The weakness of the recovery from the financial crisis that started in 2007, as well as the current global downturn, prompted Moody’s rating agency to revise down its growth forecasts for economies in the G20.

The pace of the global recovery will remain weak at least until 2014, with fiscal consolidation and volatility in financial markets continuing to affect business and consumer confidence, while increased uncertainty “hampers spending, hiring and investment decisions,” Moody’s said in a report released on Monday.

“Overall, we expect real GDP growth in the G20 advanced economies of around 1.3% in 2012, followed by 1.6% in 2013 and 2.0% in 2014. For 2013, that is around 0.5 percentage points weaker than in our August forecast update,” it said.

Emerging economies will continue to outpace other countries in the G20 but their growth prospects have also moderated because of the slowdown in world trade and “the lack of significant new impetus from domestic demand,” Moody’s said.

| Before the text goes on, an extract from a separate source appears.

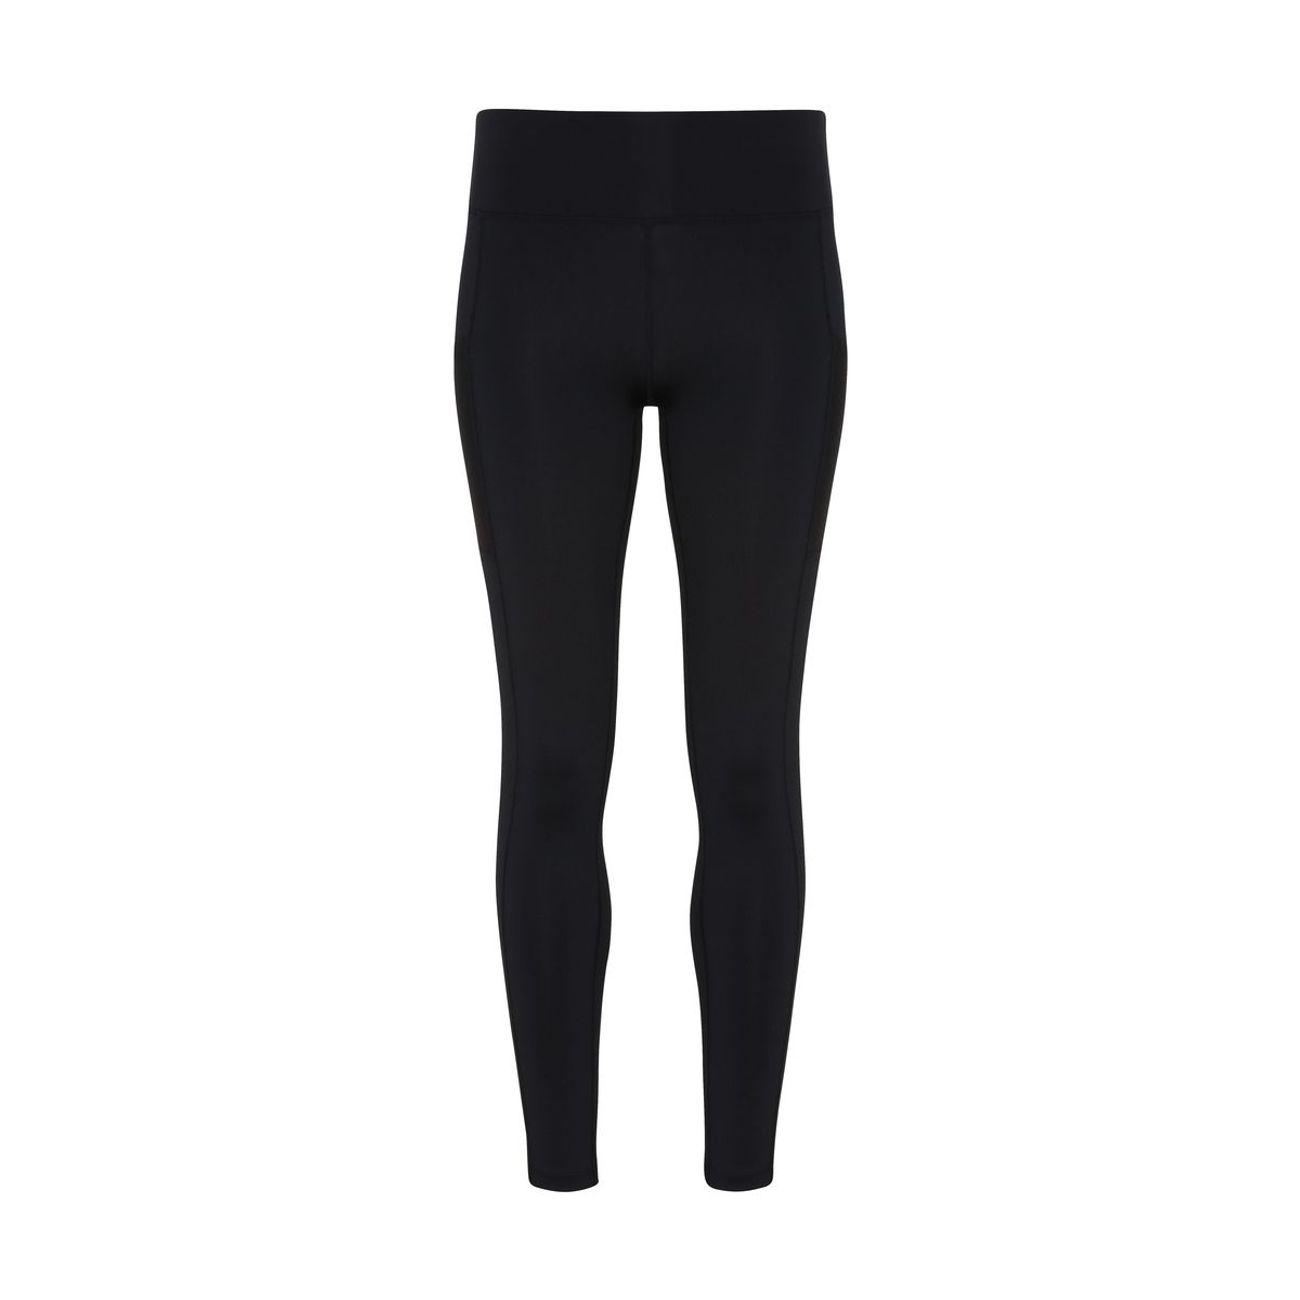 Fitness femme TRI DRI Legging performance compression femme - TR304 - noir

It added that overall real GDP growth for emerging economies in the G20 was expected to be a little over 5% this year, slightly weaker than its forecast in August; growth is expected to pick up gradually to around 5.5% next year and 5.7% in 2014.


The agency maintained its forecast for “relatively healthy” growth in the US, while the eurozone is expected to stagnate next year. The risks to these estimates are to the downside and they are the same as in the previous report in August.

They are: a deeper than currently expected recession in the eurozone, excessive fiscal tightening in the US next year caused by the “fiscal cliff”, hard landing in major emerging markets, including China, India and Brazil and an oil price supply-side shock because of resurfacing geopolitical risks.